Toward Multi-Session Personalized Conversation: A Large-Scale Dataset and Hierarchical Tree Framework for Implicit Reasoning

TL;DR

This paper tackles the problem of implicit reasoning in long-term personalized dialogue by introducing ImplexConv, a large-scale multi-session dataset with ~2,500 examples and ~100 sessions per example, and a hierarchical retrieval framework called TaciTree. ImplexConv embeds subtle opposed and supportive reasoning cues within persona-driven conversations to challenge retrieval-based and long-context models, while TaciTree organizes history into multi-level summaries to enable level-based, efficient retrieval of implicit knowledge. Empirical results show that TaciTree significantly improves retrieval accuracy and reduces token usage compared to MemoryBank and RAG baselines, particularly on the challenging ImplexConv dataset, highlighting the value of structured, hierarchical retrieval for long-range dependencies.
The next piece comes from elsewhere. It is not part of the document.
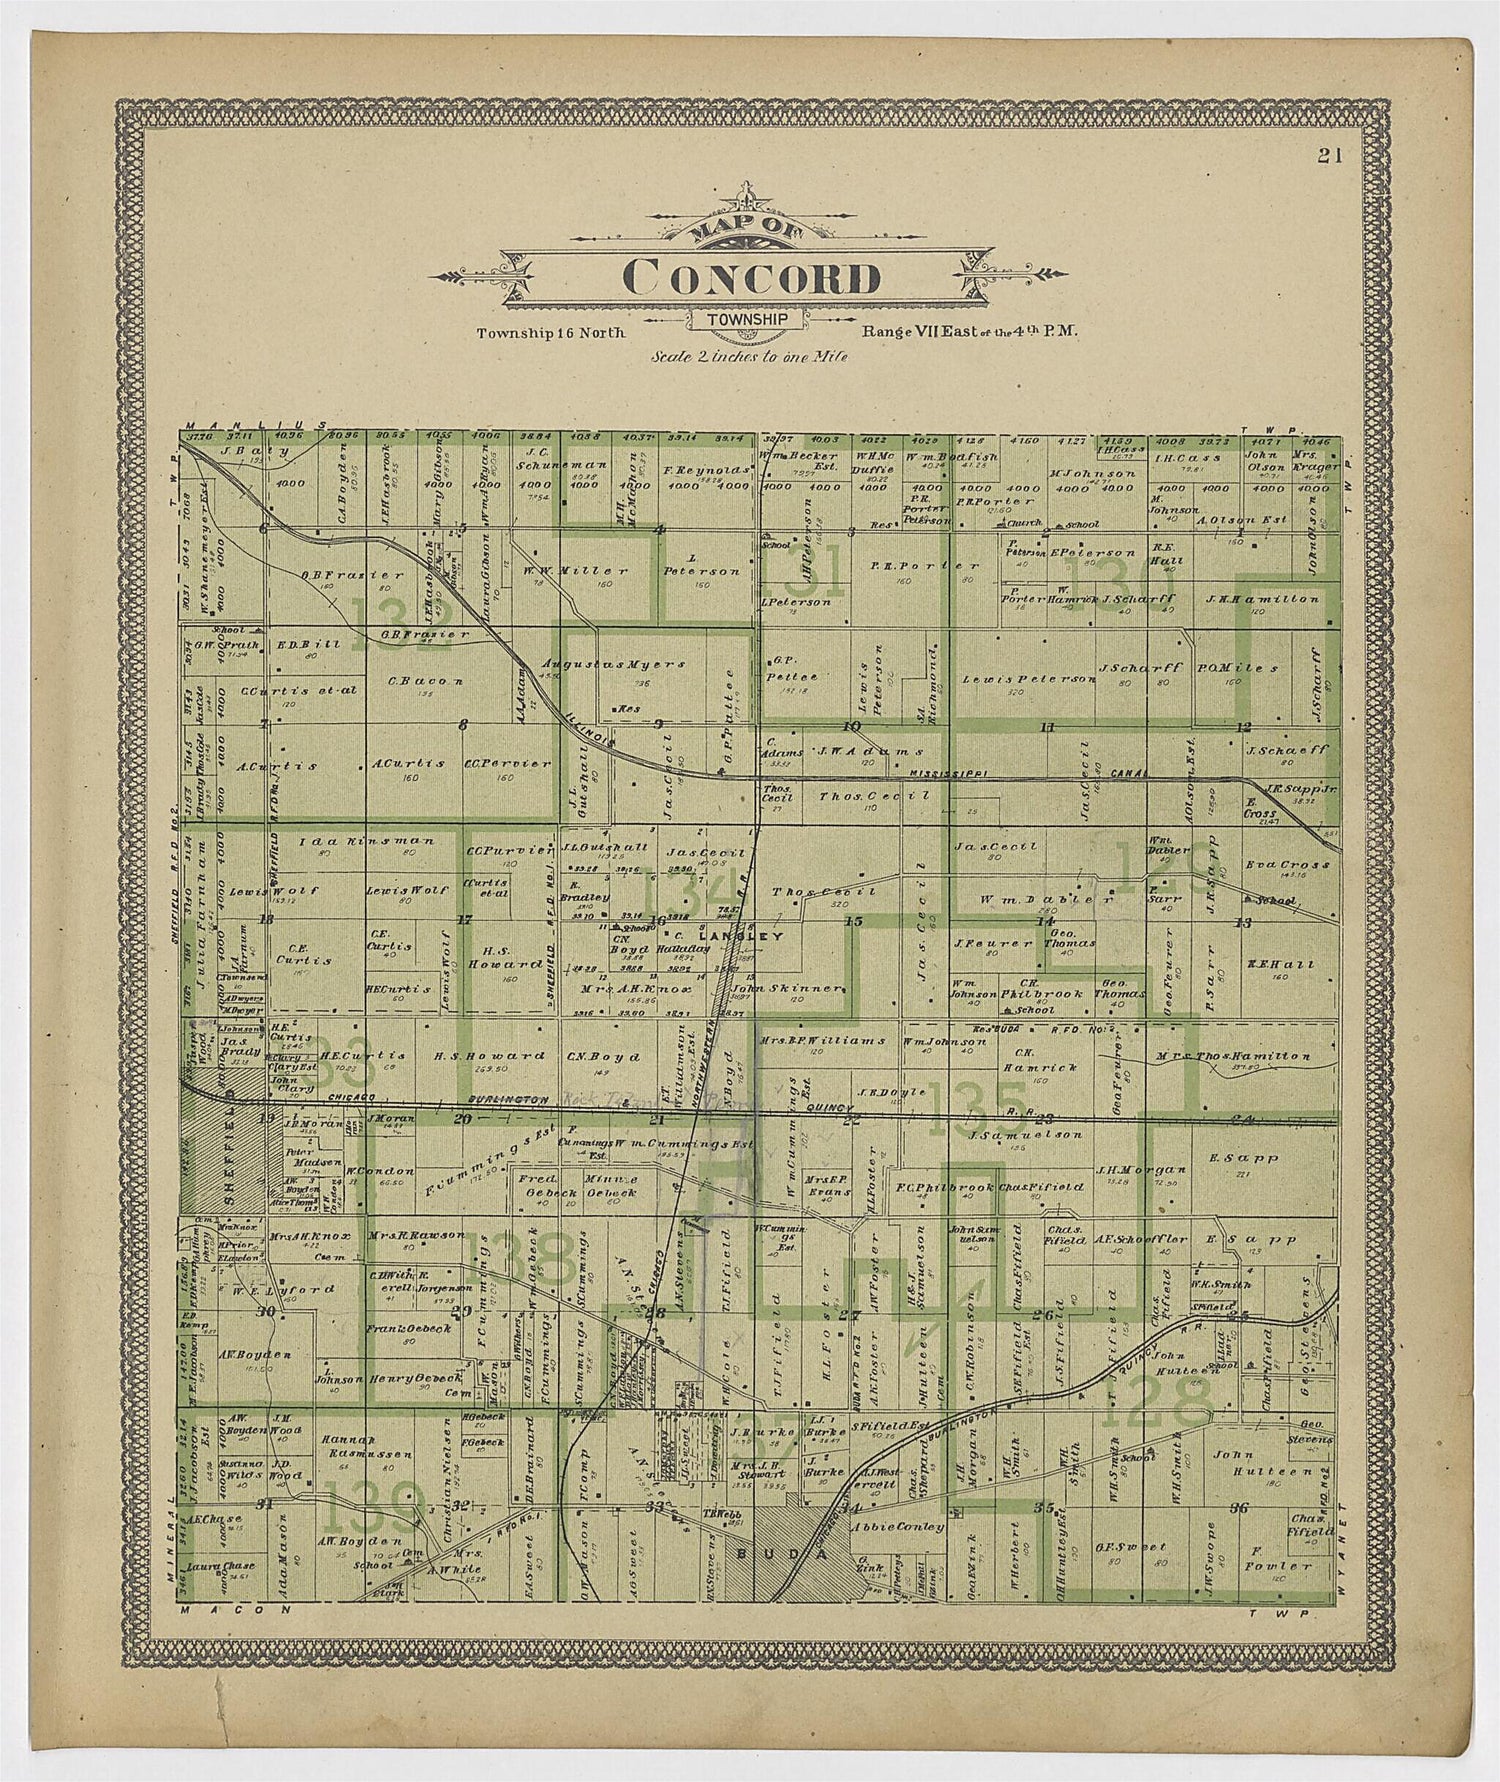 This old map of Image 12 of 20th Century Atlas of Bureau County, Illinois from Atlas of Bureau County, Illinois from 1905 was created by  Middle-West Publishing Co in 1905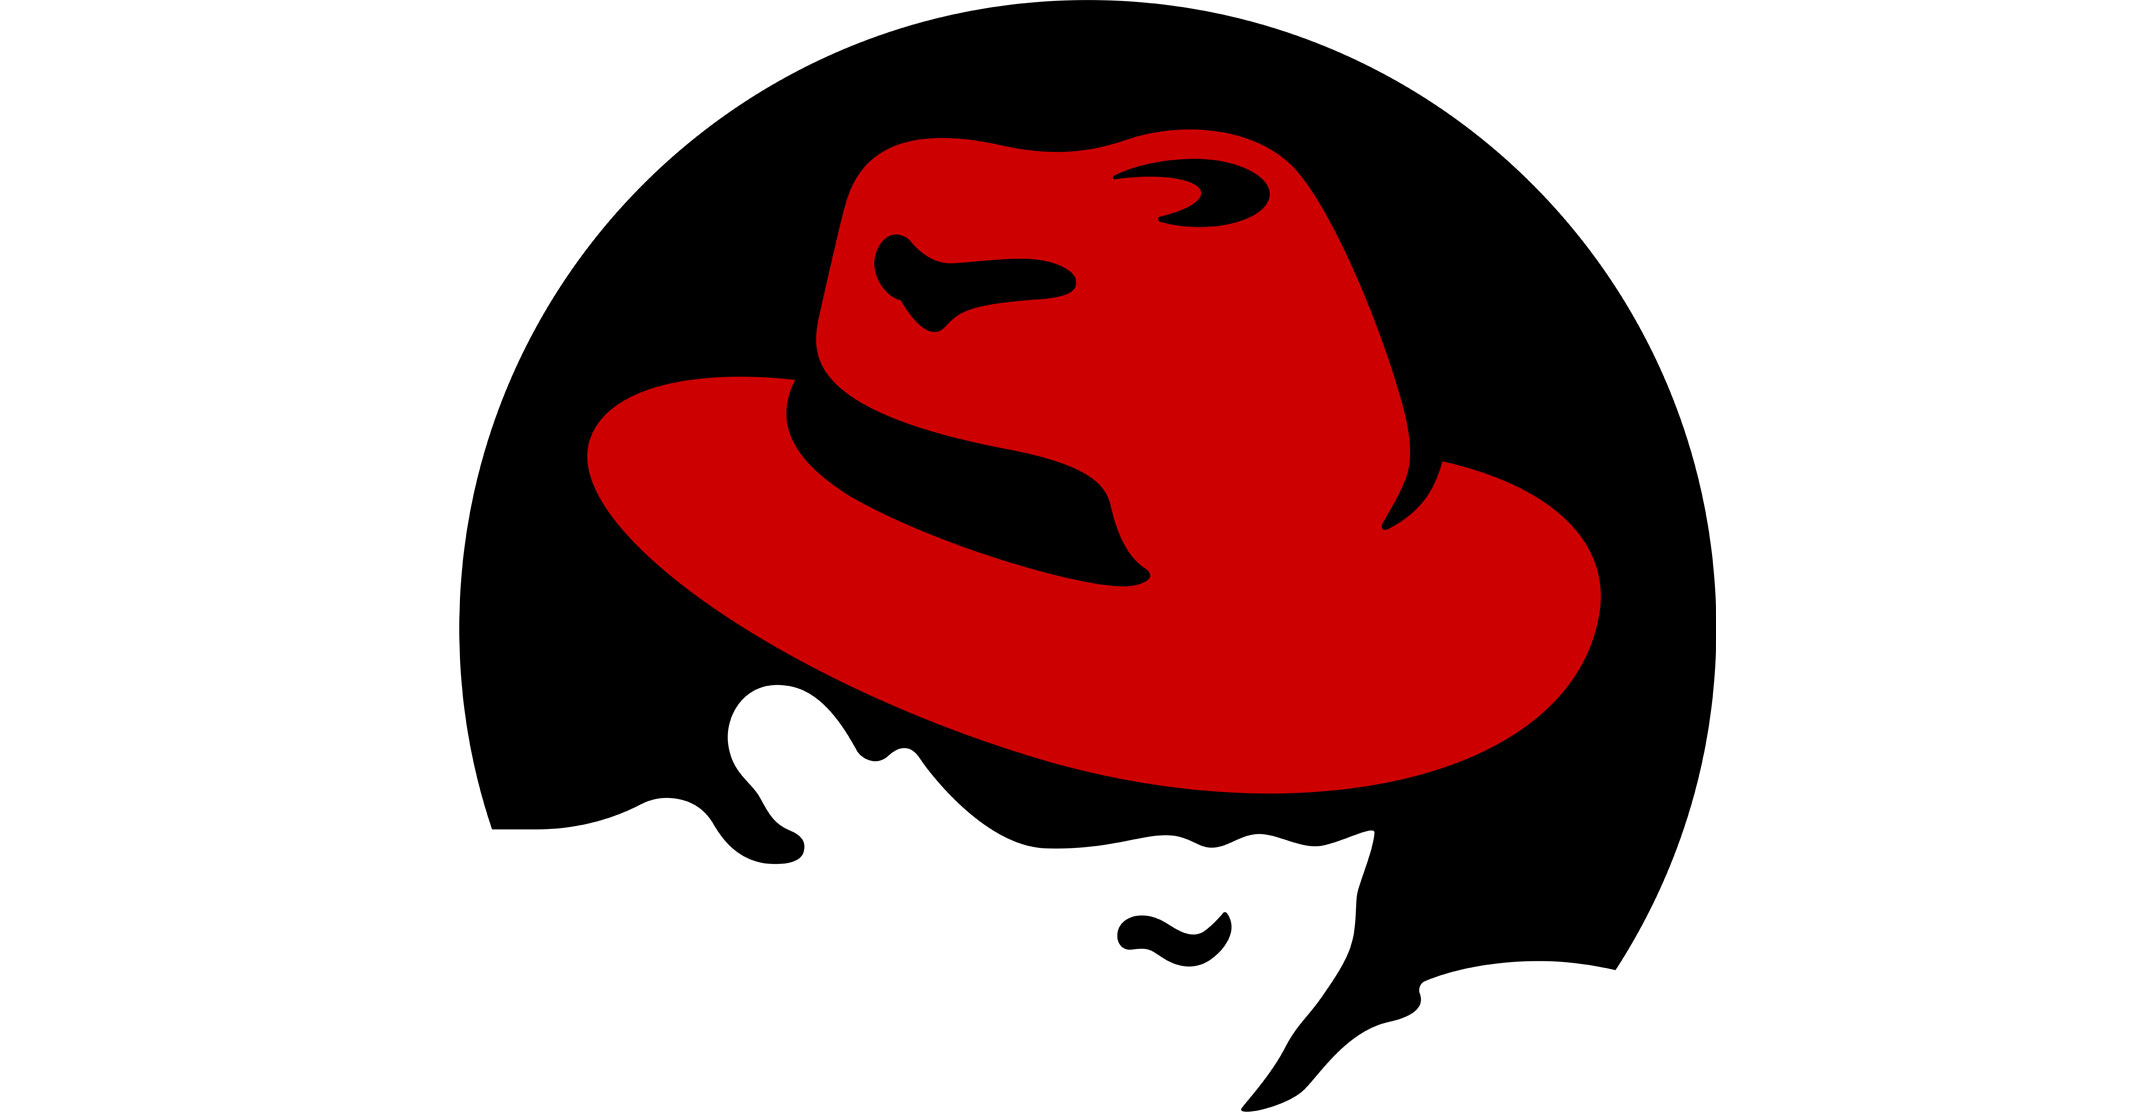 Red hat 2. Red hat. Шляпа Red hat. Значок Red hat. Red hat Enterprise Linux.

The work advances practical capabilities for coherent, personalized AI assistants across many sessions and points to future avenues in adaptive retrieval and stronger reasoning models to handle nuanced implicit information.

Abstract

There has been a surge in the use of large language models (LLM) conversational agents to generate responses based on long-term history from multiple sessions. However, existing long-term open-domain dialogue datasets lack complex, real-world personalization and fail to capture implicit reasoning-where relevant information is embedded in subtle, syntactic, or semantically distant connections rather than explicit statements. In such cases, traditional retrieval methods fail to capture relevant context, and long-context modeling also becomes inefficient due to numerous complicated persona-related details. To address this gap, we introduce ImplexConv, a large-scale long-term dataset with 2,500 examples, each containing approximately 100 conversation sessions, designed to study implicit reasoning in personalized dialogues. Additionally, we propose TaciTree, a novel hierarchical tree framework that structures conversation history into multiple levels of summarization. Instead of brute-force searching all data, TaciTree enables an efficient, level-based retrieval process where models refine their search by progressively selecting relevant details. Our experiments demonstrate that TaciTree significantly improves the ability of LLMs to reason over long-term conversations with implicit contextual dependencies.

Paper Structure

This paper contains 33 sections, 5 equations, 4 figures, 6 tables.

Figures (4)

  • Figure 1: An example from ImplexConv illustrating opposed (left) and supportive (right) implicit reasoning. The orange block is the user query, the red blocks are implicit scenarios with low semantic similarity to the query, and the blue blocks are noisy but lexically related conversations that obscure the correct response.
  • Figure 2: Overview of TaciTree framework. TaciTree organizes long-term conversational history into a hierarchical structure, clustering related facts to enable efficient retrieval of implicit reasoning. By leveraging LLMs to refine relevant information while discarding unrelated details, the framework reduces search space and improves retrieval efficiency.
  • Figure 3: Distribution of implicitness scores across datasets, where Supp. and Opp. represent the supportive and opposed cases of ImplexConv, respectively.
  • Figure 4: Response accuracy (blue) and retrieved token size (orange) across different frameworks and datasets.